On 2/26/19 10:38 PM, Chris PeBenito wrote:
> On Tue, 2019-02-26 at 19:29 -0600, Joe Nall wrote:
>> Looking at neverallow rules, the semanage.conf file says
>> "# expand-check check neverallow rules when executing all semanage
>> commands.
>>   # Large penalty in time if you turn this on. "
>>
>> If I don't set expand-check=1, are the neverallow rules actually
>> enforced?
> 
> Nope.
> 
>> If so, when?
>>
>> An semodule -i of a policy module with neverallow rules that are
>> violated by the existing binary policy succeeds without complaint
>> unless expand-check=1 in RHEL 7.6. This is not what I expected.
>>
>> The time taken by a trivial module installation goes from ~.3 seconds
>> to ~14 seconds, so the time hit for expand-check is pretty serious.
> 
> The reason for adding the expand-check option is because the neverallow
> checking is so expensive.
> 
>> We are trying to establish some policy invariants to protect against
>> unexpected/unnoticed RHEL upstream policy changes, some of which have
>> bitten us recently. Any suggestions are welcome.
> 
> One alternative would be to use the setools API to code up some policy
> searches in Python, then process the results to find things you
> do/don't want in your policy.

The approach taken in Fedora/RHEL is to run make validate as part of the 
selinux-policy.spec recipe, which uses the validate target in the 
refpolicy Makefile, which manually runs semodule_link and 
semodule_expand to manually link and expand the modules and performs 
full checking.  Then the cost is only paid at policy build time and is 
only applied for the neverallow rules and allow rules in the Fedora/RHEL 
policy, not for third party modules.  If you are rebuilding the RHEL 
policy from source, you could add your neverallows to it there and the 
make validate should catch the violations.
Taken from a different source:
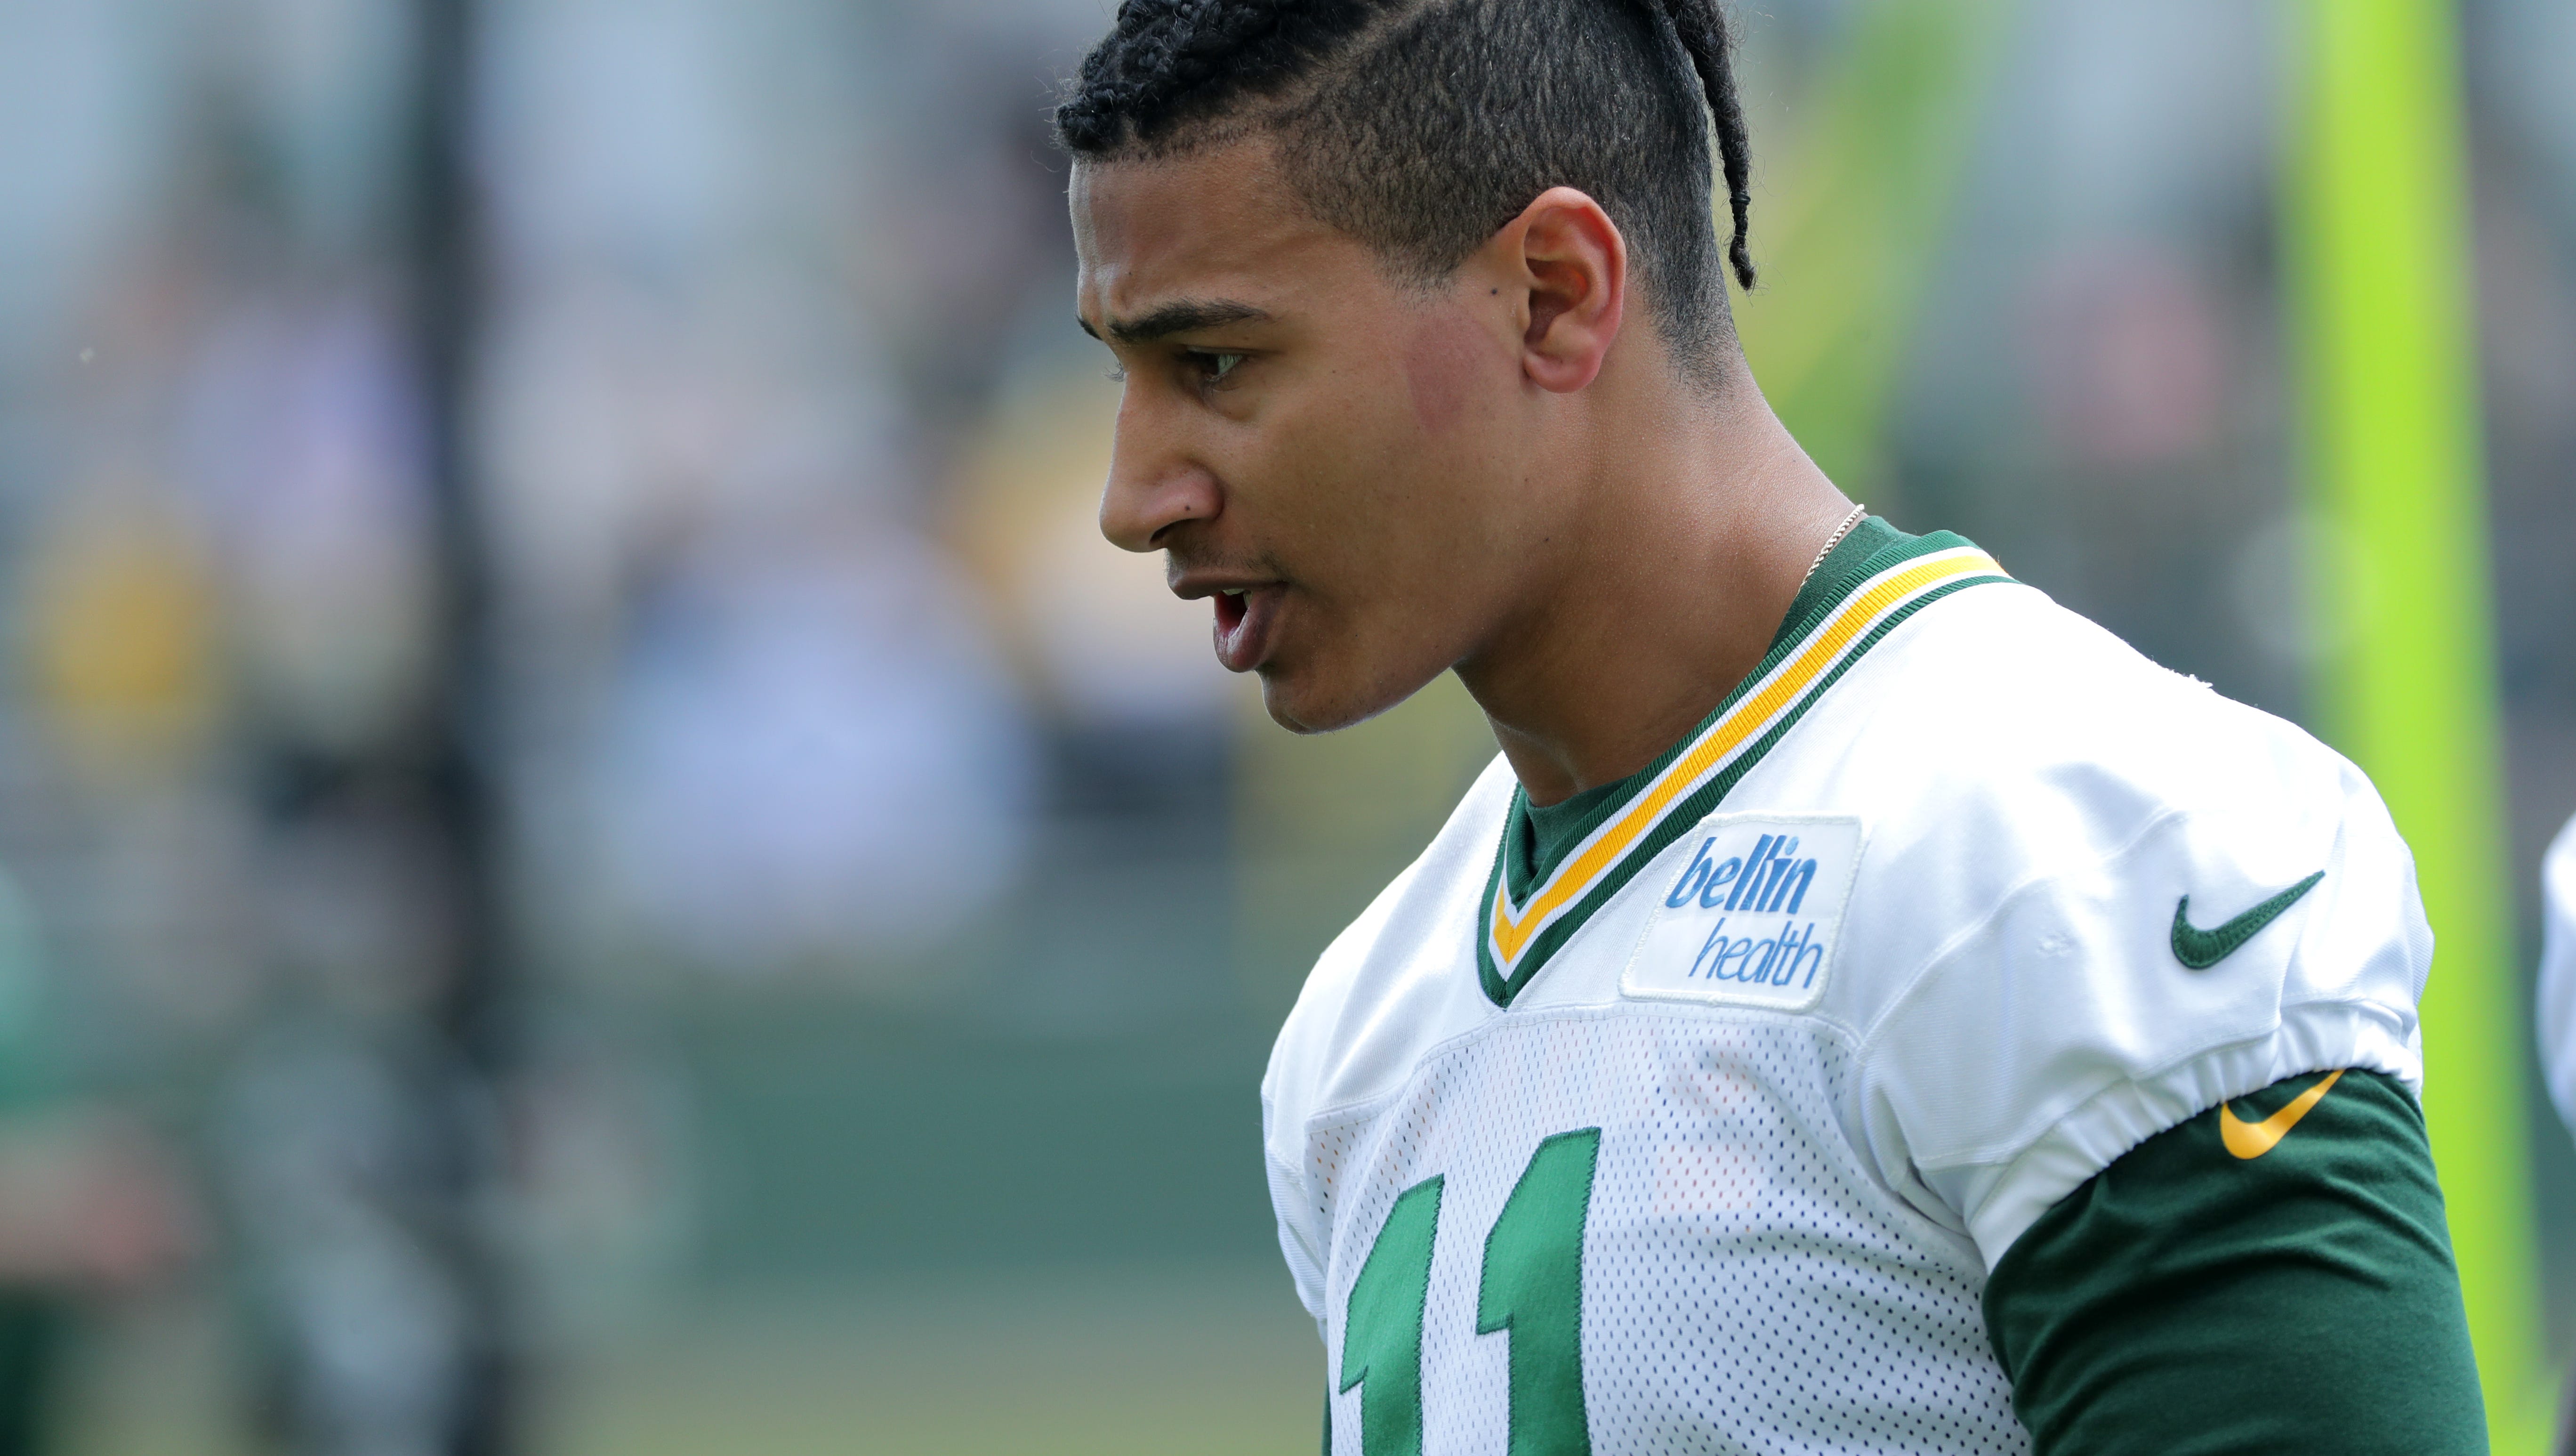 Green Bay Packers wide receiver Trevor Davis (11) is shown during organized team activities Monday, June 4, 2018 in Green Bay, Wis.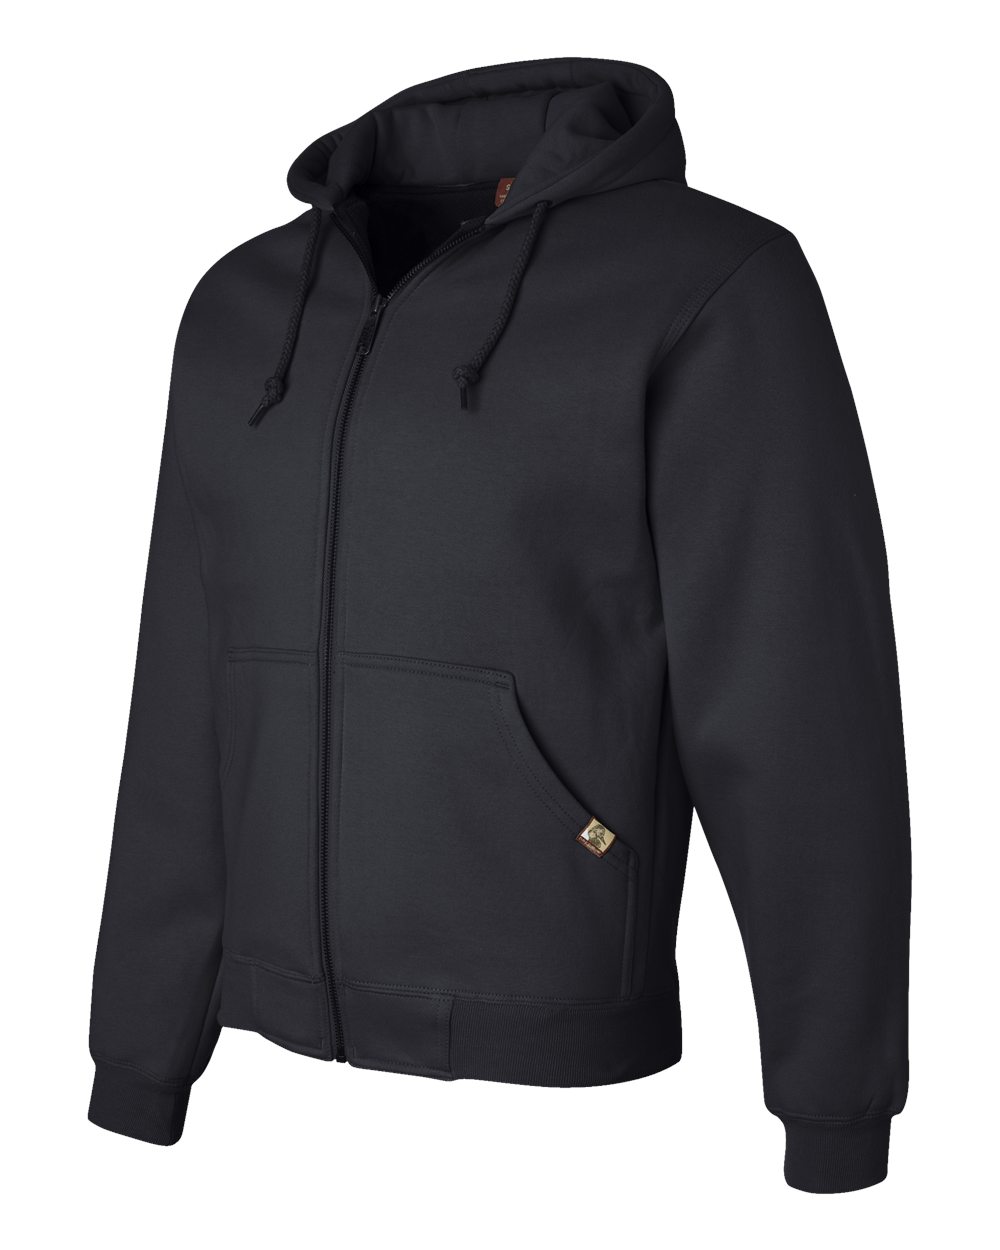 DRI DUCK 7033T - Power Fleece Jacket with Thermal Lining Tall Sizes $85 ...

In Android, neverallow checking is done both at policy build time and as 
part of device certification.  The latter is done using a 
sepolicy-analyze tool we originally contributed; it can take a separate 
neverallow rule configuration in source form and an already compiled 
kernel binary policy and check them against each other.  That's useful 
for cases where you don't have policy sources.

You can have libsemanage apply your own checker against policy as part 
of module transactions by specifying a [verify kernel] stanza in 
semanage.conf, see:
http://selinuxproject.org/page/PolicyValidate

  reply	other threads:[~2019-02-27 13:33 UTC|newest]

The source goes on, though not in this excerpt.